Using itertools.product

it=iter(('a','b','c'))
list(itertools.product(next(it),it))
# [('a', 'b'), ('a', 'c')]

Using itertools.repeat

it=iter(('a','b','c'))
list(zip(itertools.repeat(next(it)),it))
# [('a', 'b'), ('a', 'c')]
a = [('a','b','c')]
a = a[0]
a = [tuple([a[0], a[index]]) for index in range(1, len(a))]

Try this !

A solution that uses itertools 's combinations module.

from itertools import combinations  
arr = (['a','b','c'])
for i in list(combinations(arr, 2)):
    if(i[0]==arr[0]):
        print(i ,end = " ")

This would give a solution ('a', 'b') ('a', 'c')

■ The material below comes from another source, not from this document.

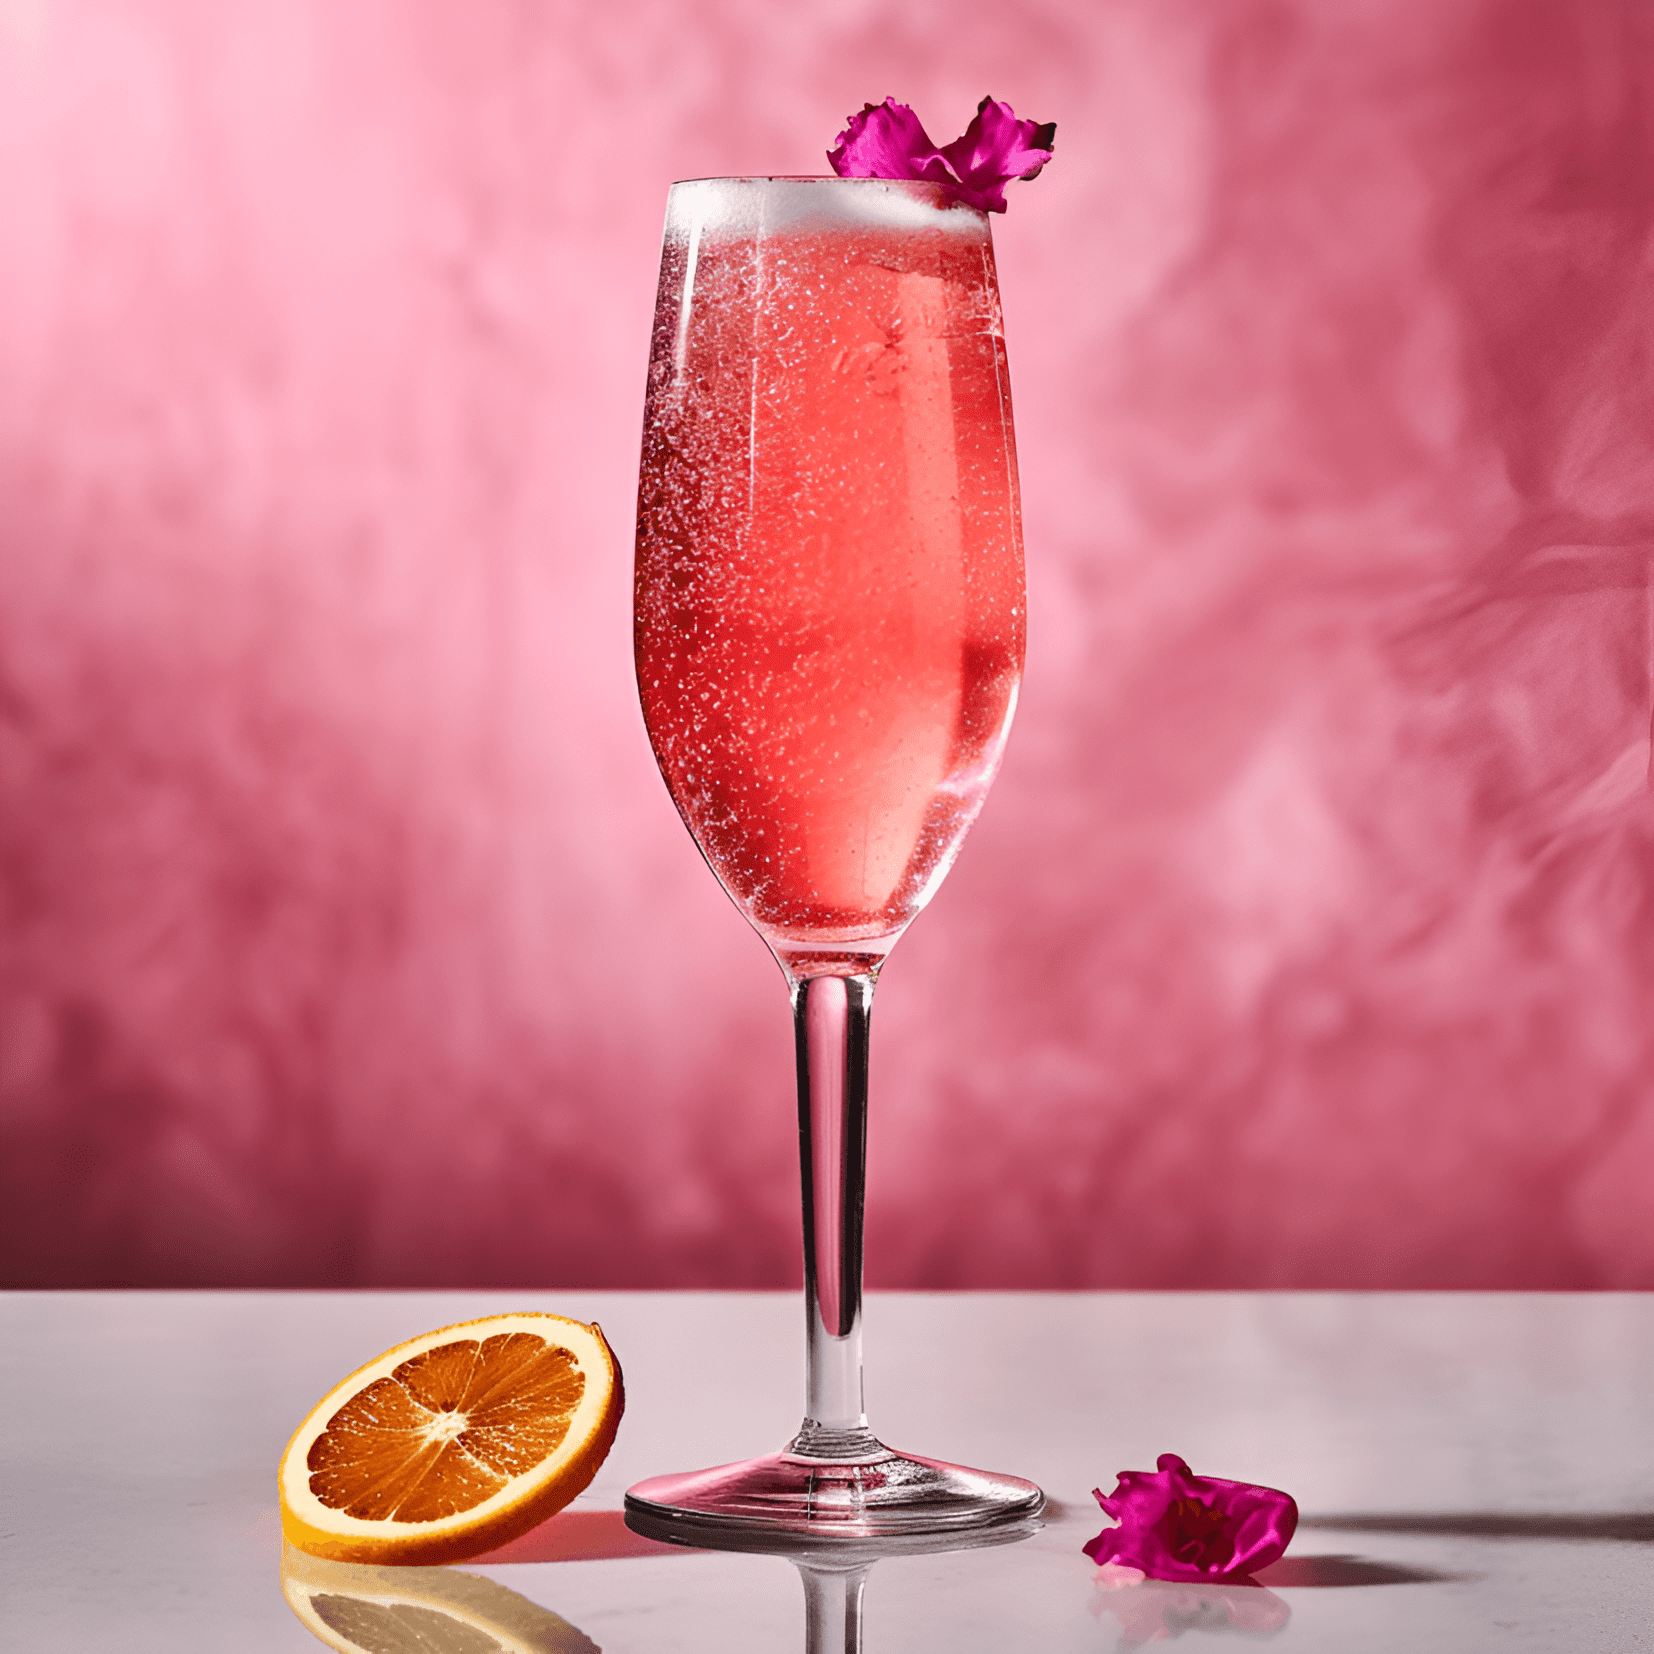 Rose Kennedy Cocktail Recipe - The Rose Kennedy cocktail has a delicate balance of sweet and tart flavors. It is light, crisp, and refreshing, with a subtle hint of floral notes from the elderflower liqueur. The combination of vodka, cranberry juice, and lime juice creates a tangy and invigorating taste that is perfect for any occasion.

You can just append pairs of tuples to a list:

original = [(1,2,3)]

def makePairs(lis):
    ret = []
    for t in lis:
        ret.append((t[0],t[1]))
        ret.append((t[0],t[2]))
    return ret


print(makePairs(original))

Output:

[(1, 2), (1, 3)]

If your tuples are arbitrary length you can write a simple generator:

def make_pairs(iterable):
    iterator = iter(iterable)
    first = next(iterator)
    for item in iterator:
        yield first, item

example result:

my_tuple = ('a', 'b', 'c', 'd')
list(make_pairs(my_tuple))
Out[170]: [('a', 'b'), ('a', 'c'), ('a', 'd')]

This is a memory-efficient solution.